## DATA EXCERPT

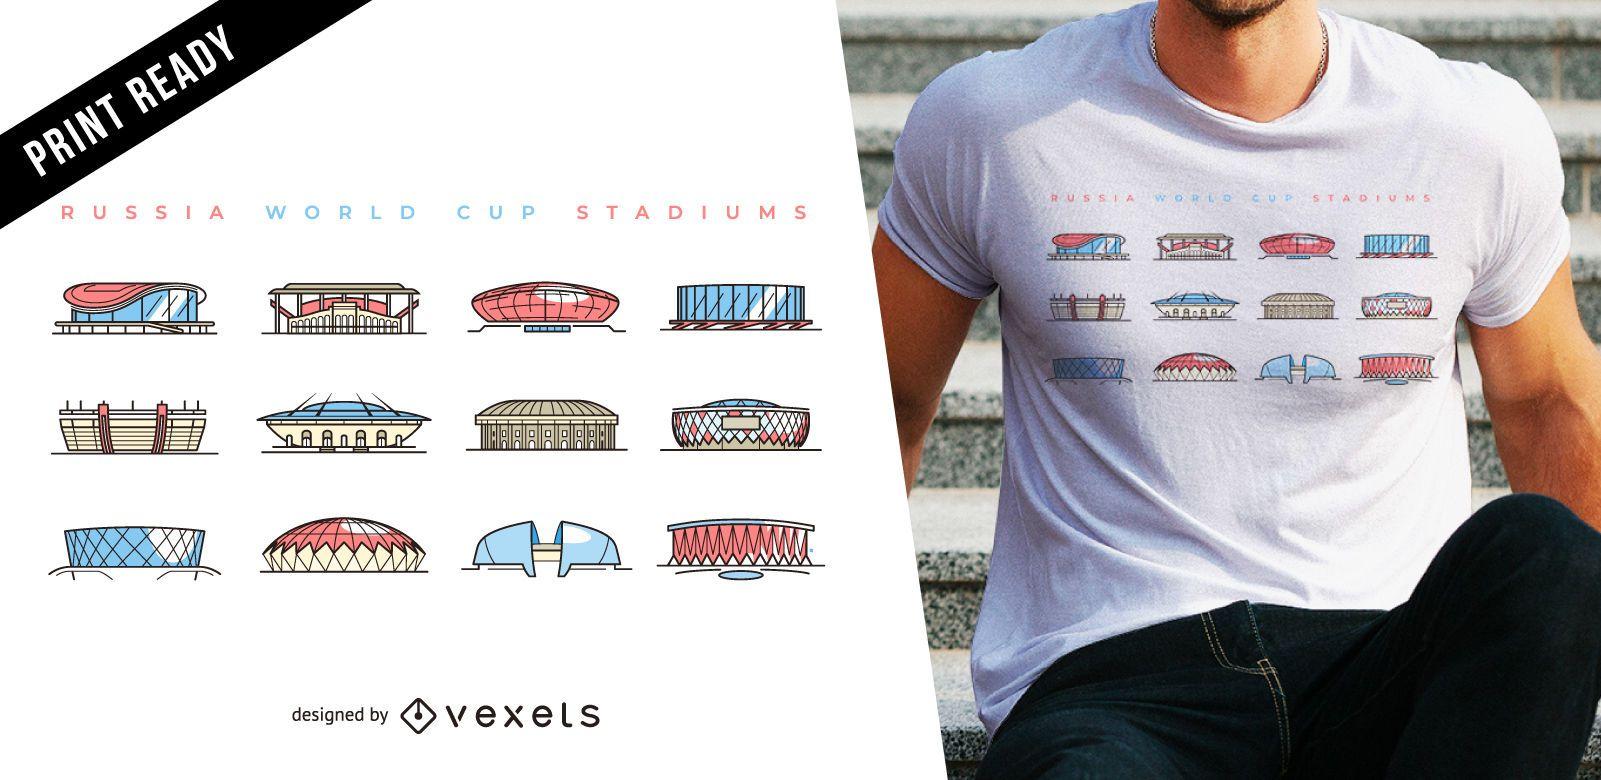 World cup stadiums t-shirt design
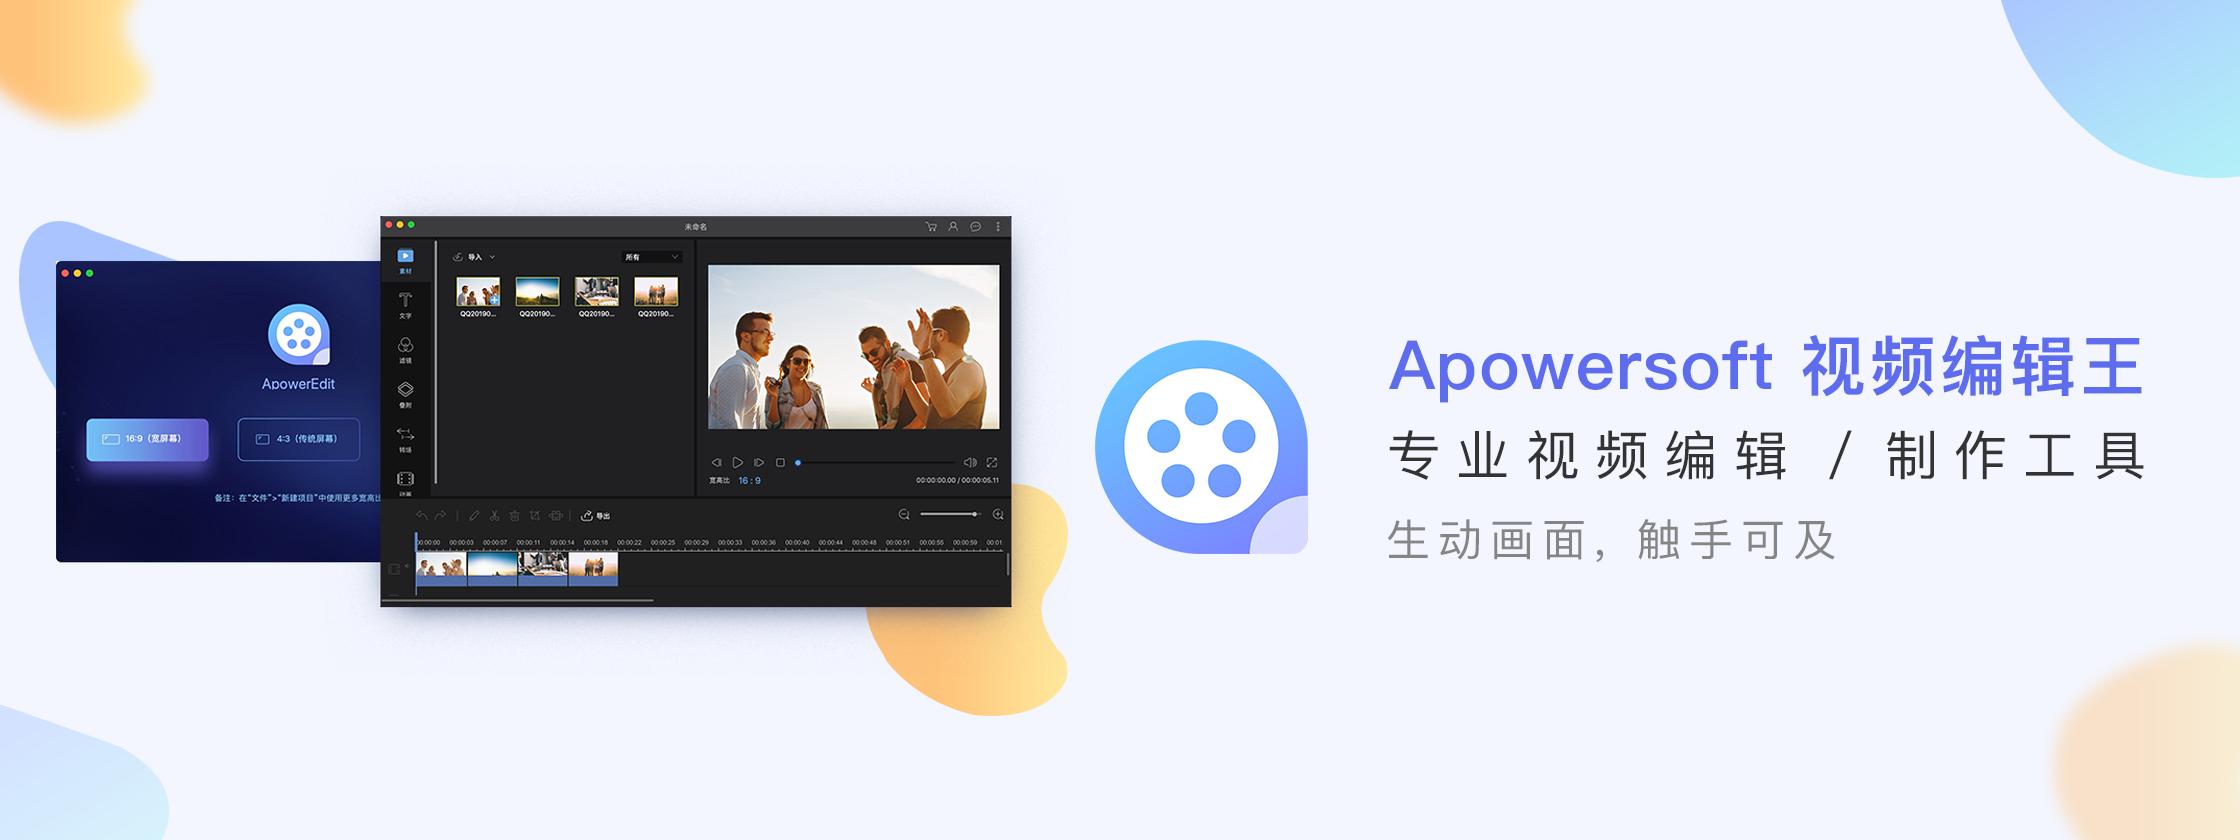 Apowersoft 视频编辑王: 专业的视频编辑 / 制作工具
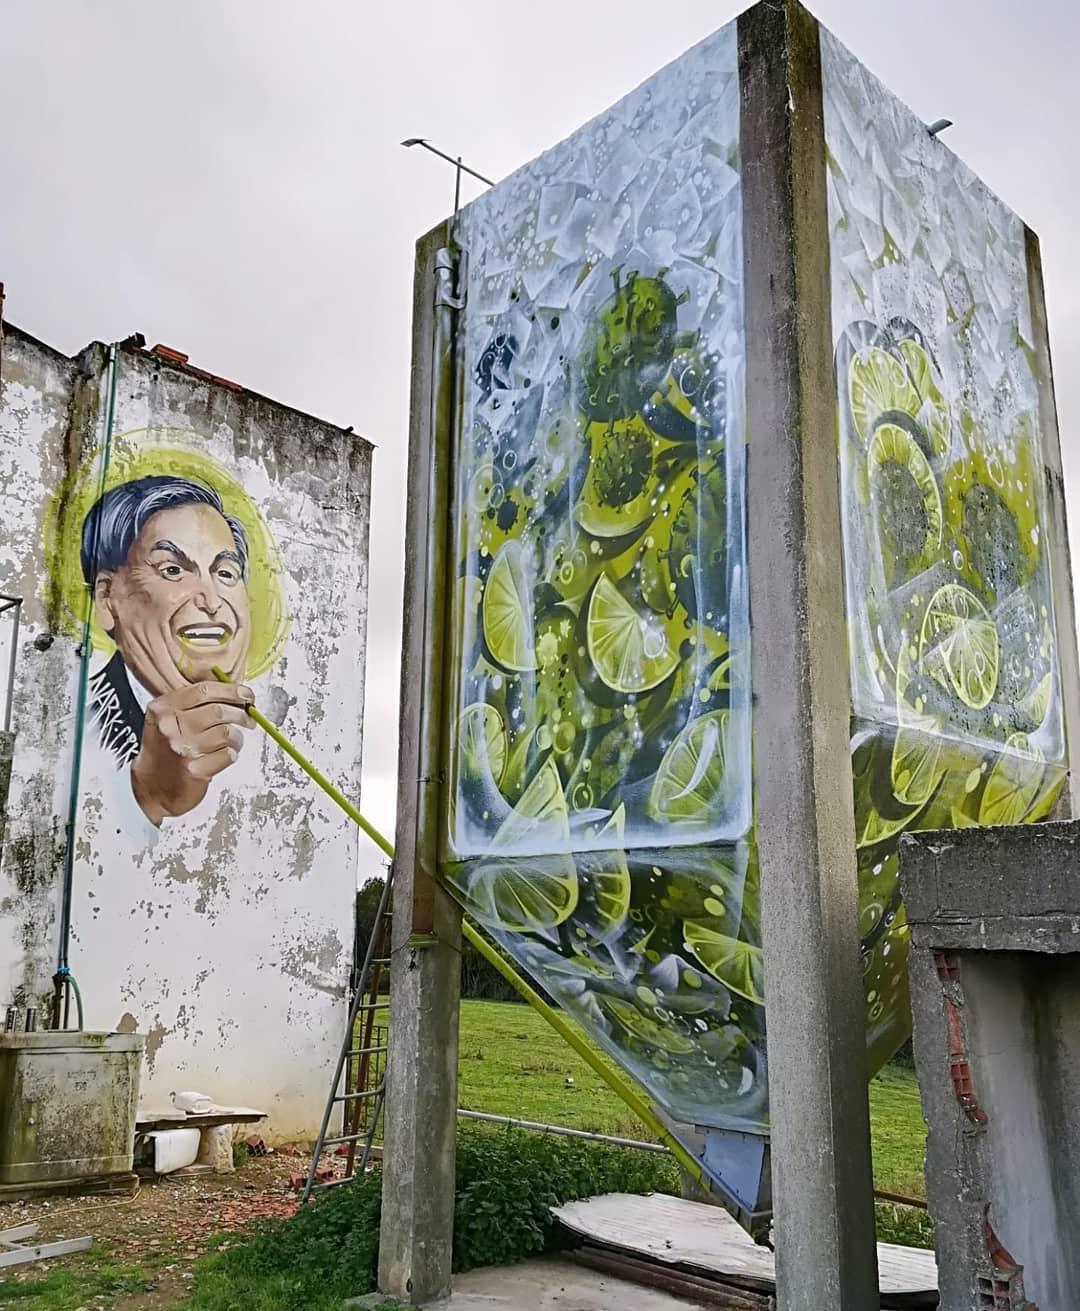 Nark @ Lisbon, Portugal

## EXERCISE INSTRUCTIONS
With the pictures removed, set down every line of the listing above exactly.

## TASK SOLUTION
 World cup stadiums t-shirt design
 Apowersoft 视频编辑王: 专业的视频编辑 / 制作工具
 Nark @ Lisbon, Portugal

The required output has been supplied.